Keduanya terlarut pada sebuah obrolan, sampai-sampai mereka tidak sadar bahwa waktu istirahat telah selesai.
_
Saat sekolah telah selesai, Tania tidak langsung pulang ke rumah, tetapi ia pergi ke kafe untuk bertemu dengan Leo, pacarnya yang beda sekolah dengannya. Bukan Tania yang mengajak untuk bertemu, melainkan Leo. Mungkin Leo merasa rindu karena sudah satu minggu lebih ia tidak bertemu dengan Tania.
"Yo, kemarin kamu nonton aku main teater nggak, waktu di balai kota?" Tania melepas obrolan untuk memperlambat waktu agar mereka tidak langsung pulang seusai makan di kafe. Bukan apa-apa, Tetapi Tania masih merasa kangen untuk menghabiskan waktu bersama Leo.
"Nonton kok." Jawab Leo tanpa ekspresi.
"Gimana? Bagus nggak?"
"Bagus banget. Sampai-sampai aku nggak tau gimana lagi caranya untuk menghalangi kamu main teater." Tania mengerutkan dahinya, ia tidak mengerti maksud Leo berkata seperti itu. Hingga satu kesimpulan yang Tania dapatkan, Leo tidak suka jika dirinya bermain drama.
"Kenapa dihalangi Yo?"
"Kan kamu tau sendiri, kalau dari dulu aku nggak suka punya pacar pemain drama. Apalagi saat peran kamu kemarin yang peluk-pelukkan sama cowok." Leo mengeluarkan semua unek-uneknya terhadap Tania yang selama ini ia simpan dengan rapi, tanpa Tania sadari dan tanpa Tania mengerti. "Jadi kamu cemburu?" Tuduhan Tania tepat sekali. Leo memang cemburu.
"Namanya juga seorang pacar Tan, pasti ada rasa takut untuk kehilangan saat siperempuan bertemu dengan laki-laki lain."

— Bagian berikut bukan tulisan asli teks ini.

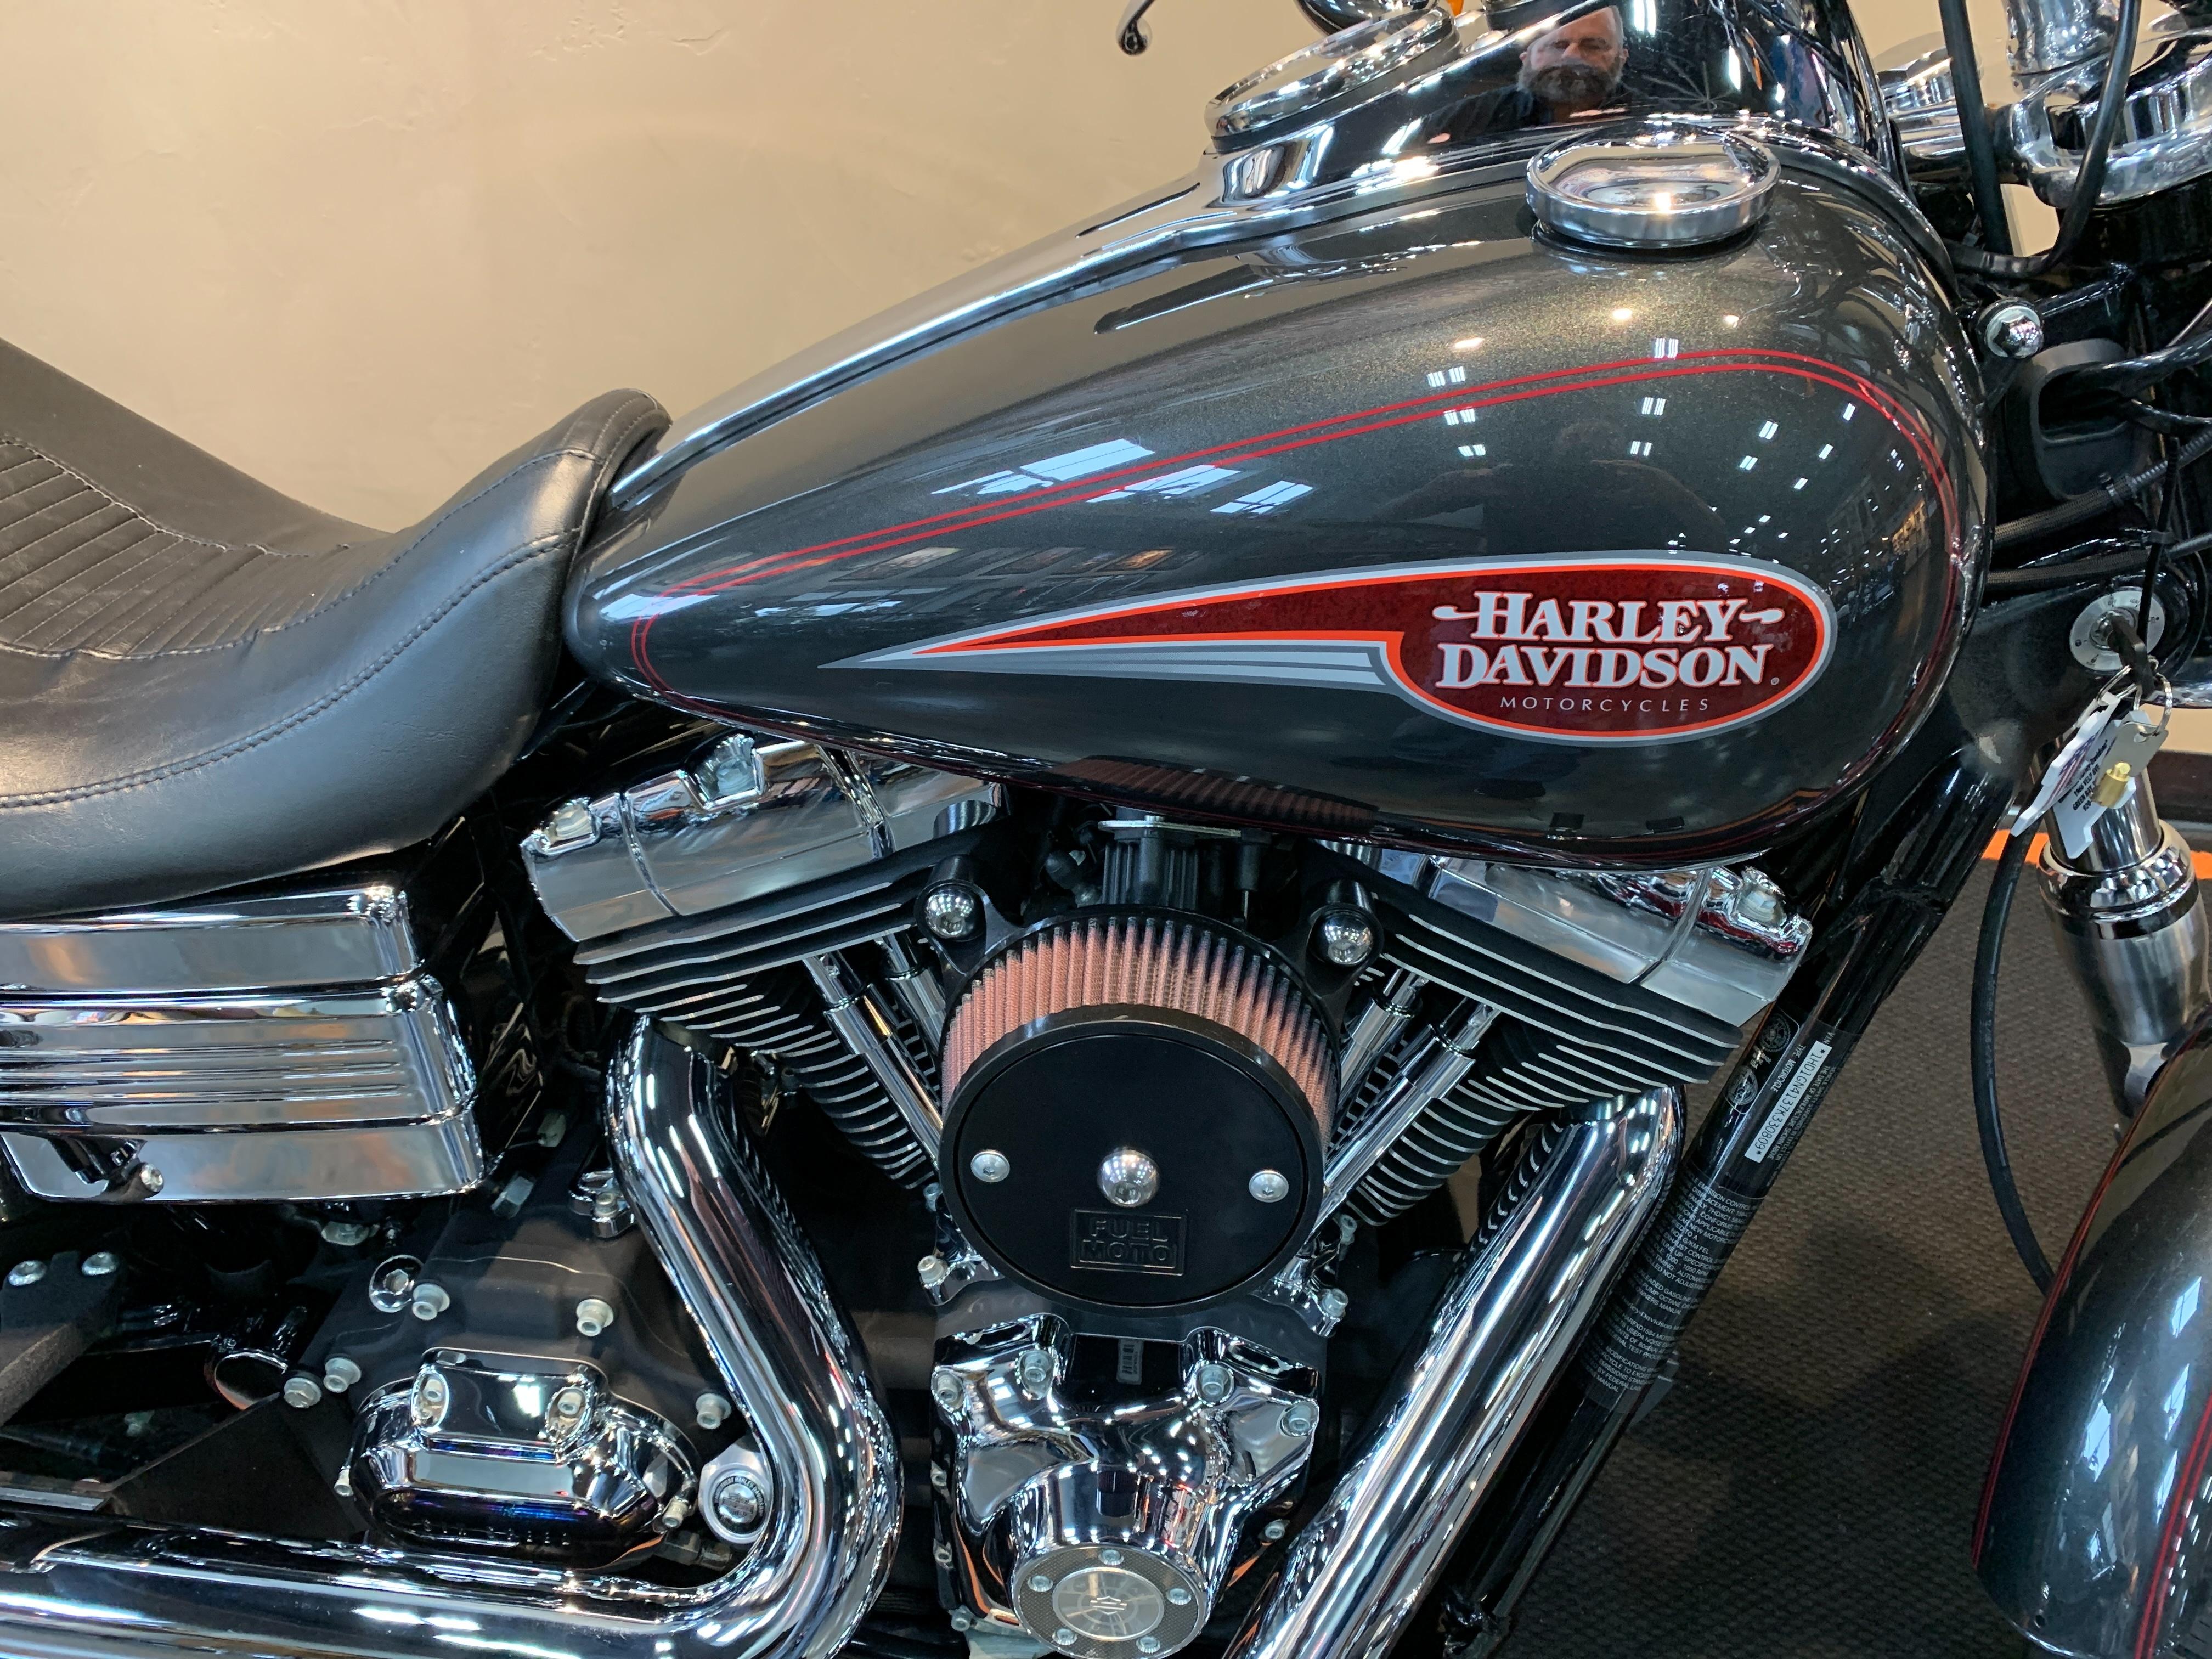 2007 Harley-Davidson Dyna Glide Low Rider at Vandervest Harley-Davidson, Green Bay, WI 54303

"Tapi ini cuma akting Yo, jadi nggak usah cemburu lah."
"Tapi kesannya sama aja Tan, kamu seperti pacar dia, bukan pacar aku. Terutama sejak kamu masuk sanggar yang nggak jelas itu. kamu berubah."
"Berubah apanya Yo?"
"Kamu udah jarang balas chat-an aku, jarang punya waktu sama aku dan kamu lebih sering menghabiskan waktu bersama teman-teman baru kamu itu."
Nafas Tania memburu. Kenapa Leo menyangkut teman-temanya pada masalah mereka berdua? Seharusnya Leo tau jika Tania tidak suka dengan itu semua.
"Mereka baik sama aku. Cuma mereka yang mengerti perasaan aku," Bantah Tania dengan suara meninggi. Alis Leo terangkat sebelah, "jadi selama ini, kamu menganggap aku ini apa?" Suara Leo yang tadinya meninggi kini berubah datar. Tapi tanpa ekspresi.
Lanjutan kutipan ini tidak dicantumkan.